What are other applications of PCA (other than visualizing data)?
If your learning algorithm is too slow because the input dimension is too high, then using PCA to speed it up is a reasonable choice. (most common application in my opinion). We will see this in the MNIST dataset.
If memory or disk space is limited, PCA allows you to save space in exchange for losing a little of the data’s information.
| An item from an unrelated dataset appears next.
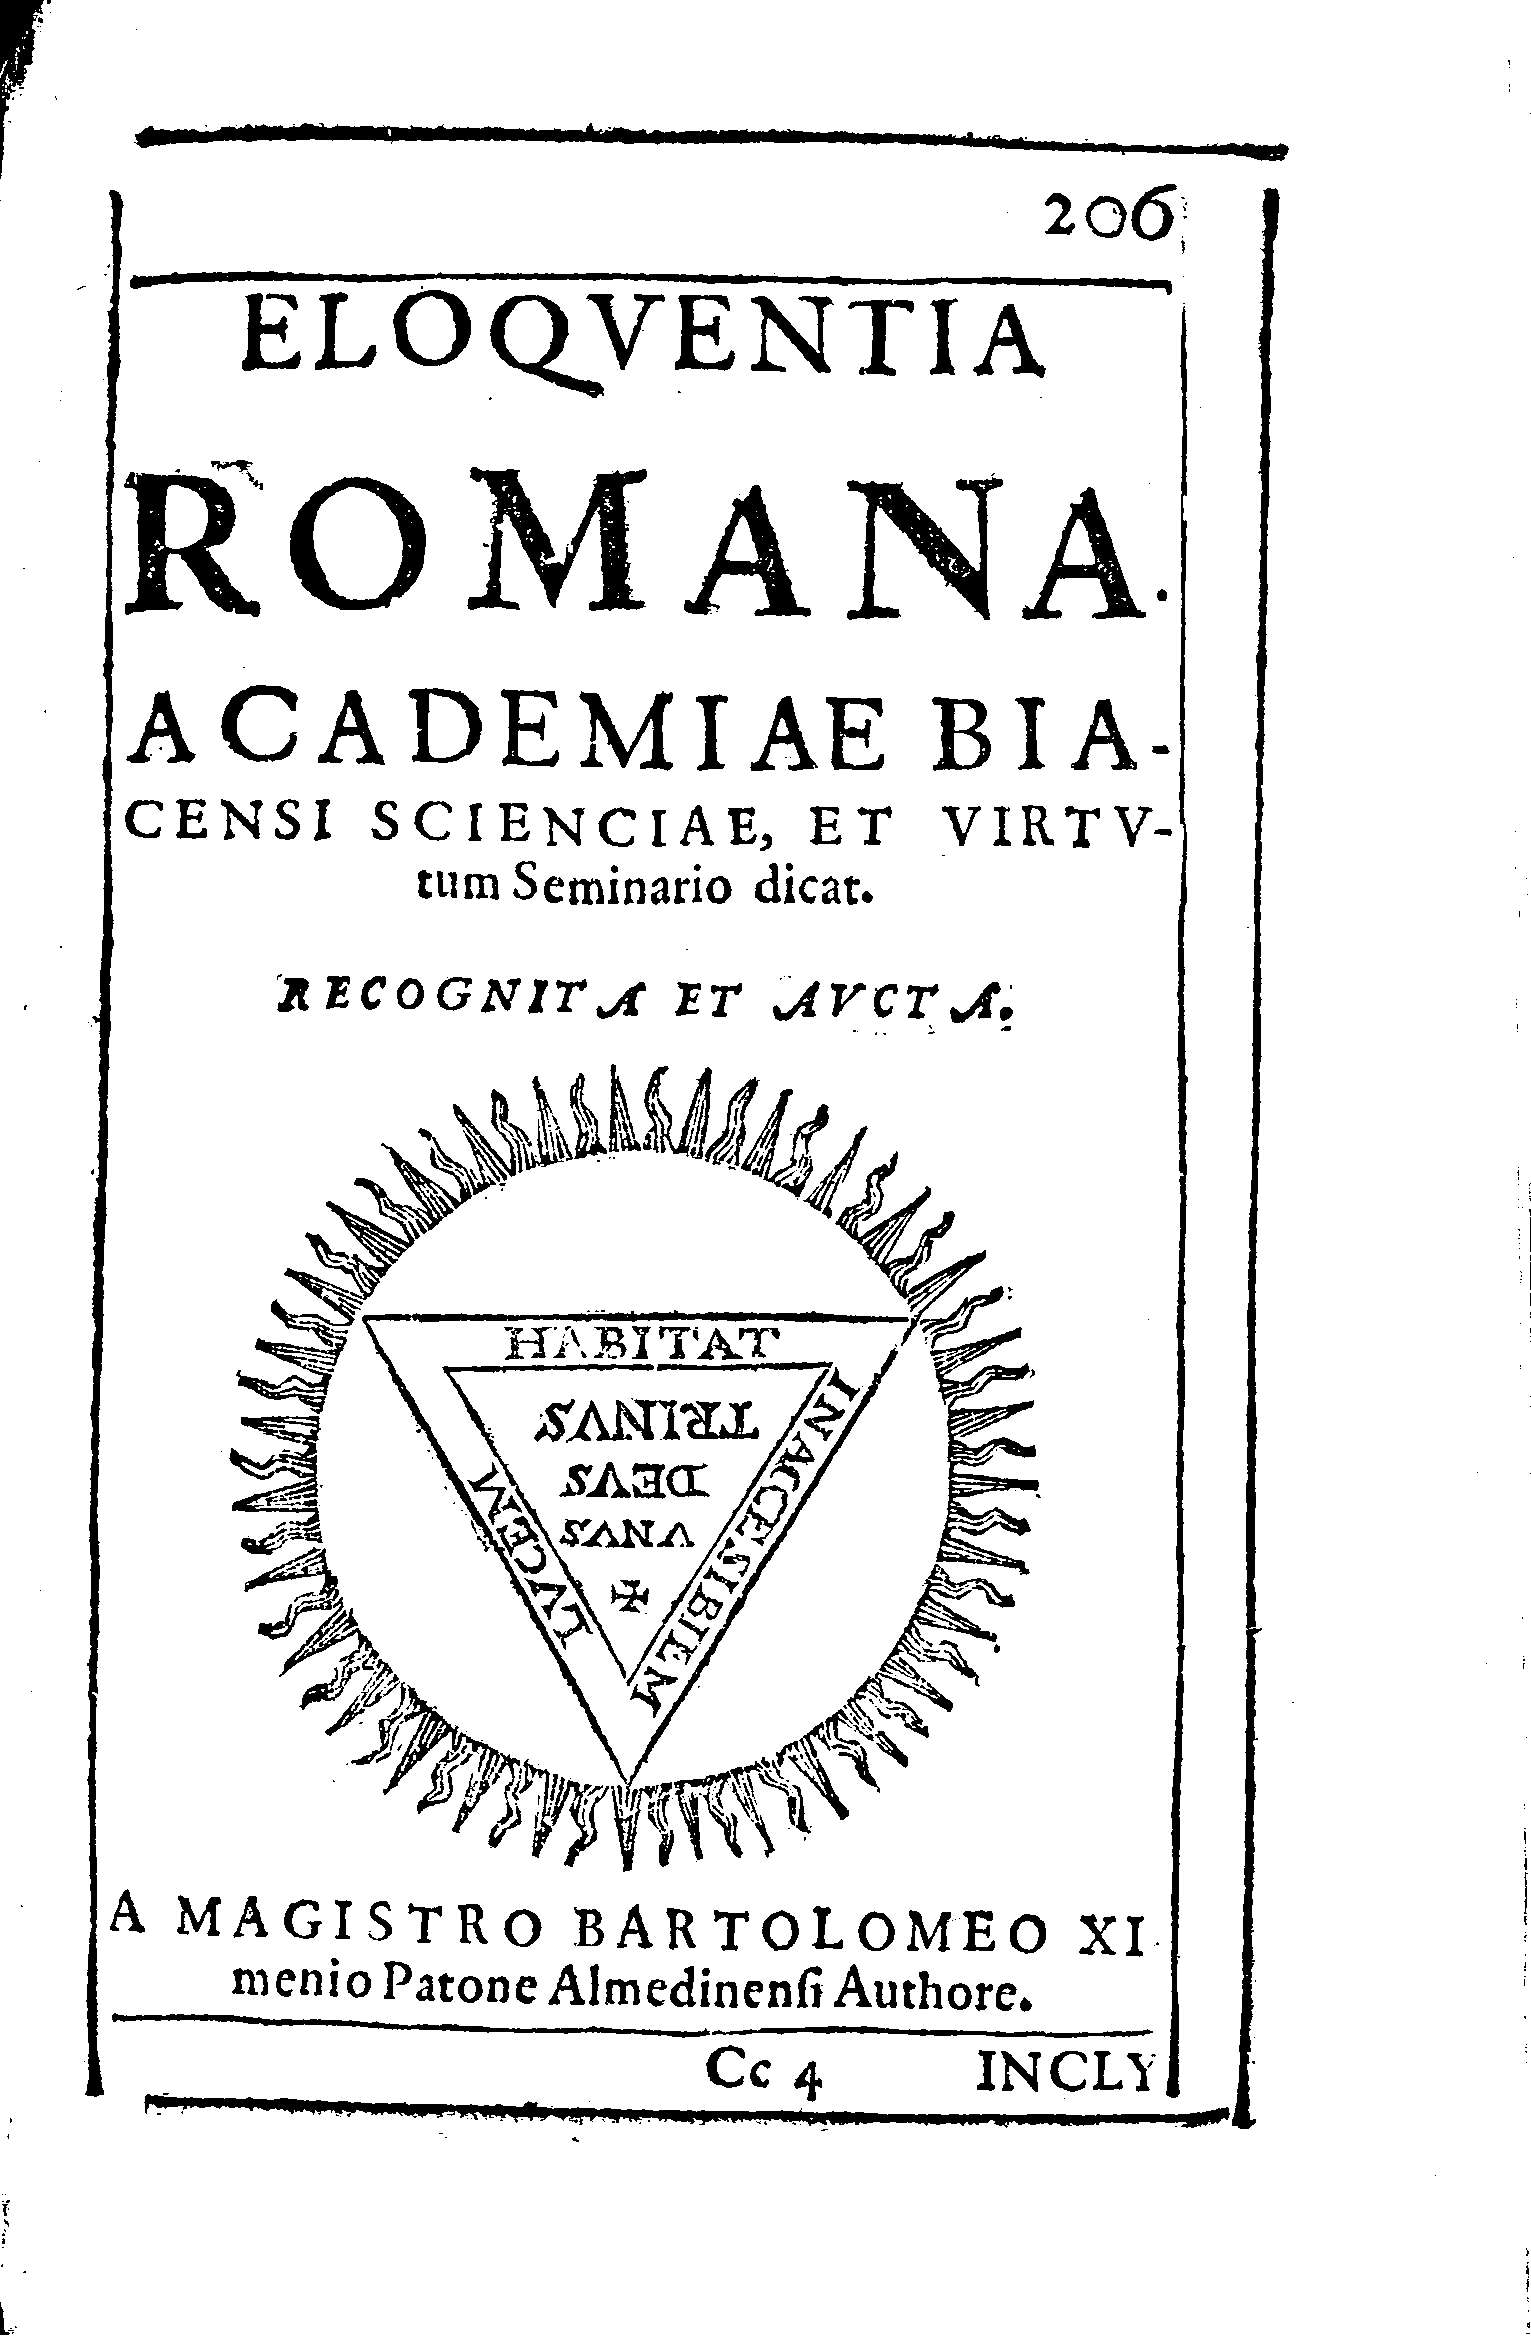 Eloqventia Romana. Academia Biacensi scienciae et virtvtum Seminario dicat

This can be a reasonable tradeoff.
What are the limitations of PCA?
- PCA is not scale invariant. check: we need to scale our data first.
- The directions with largest variance are assumed to be of the most interest
- Only considers orthogonal transformations (rotations) of the original variables
- PCA is only based on the mean vector and covariance matrix. Some distributions (multivariate normal) are characterized by this, but some are not.
- If the variables are correlated, PCA can achieve dimension reduction. If not, PCA just orders them according to their variances.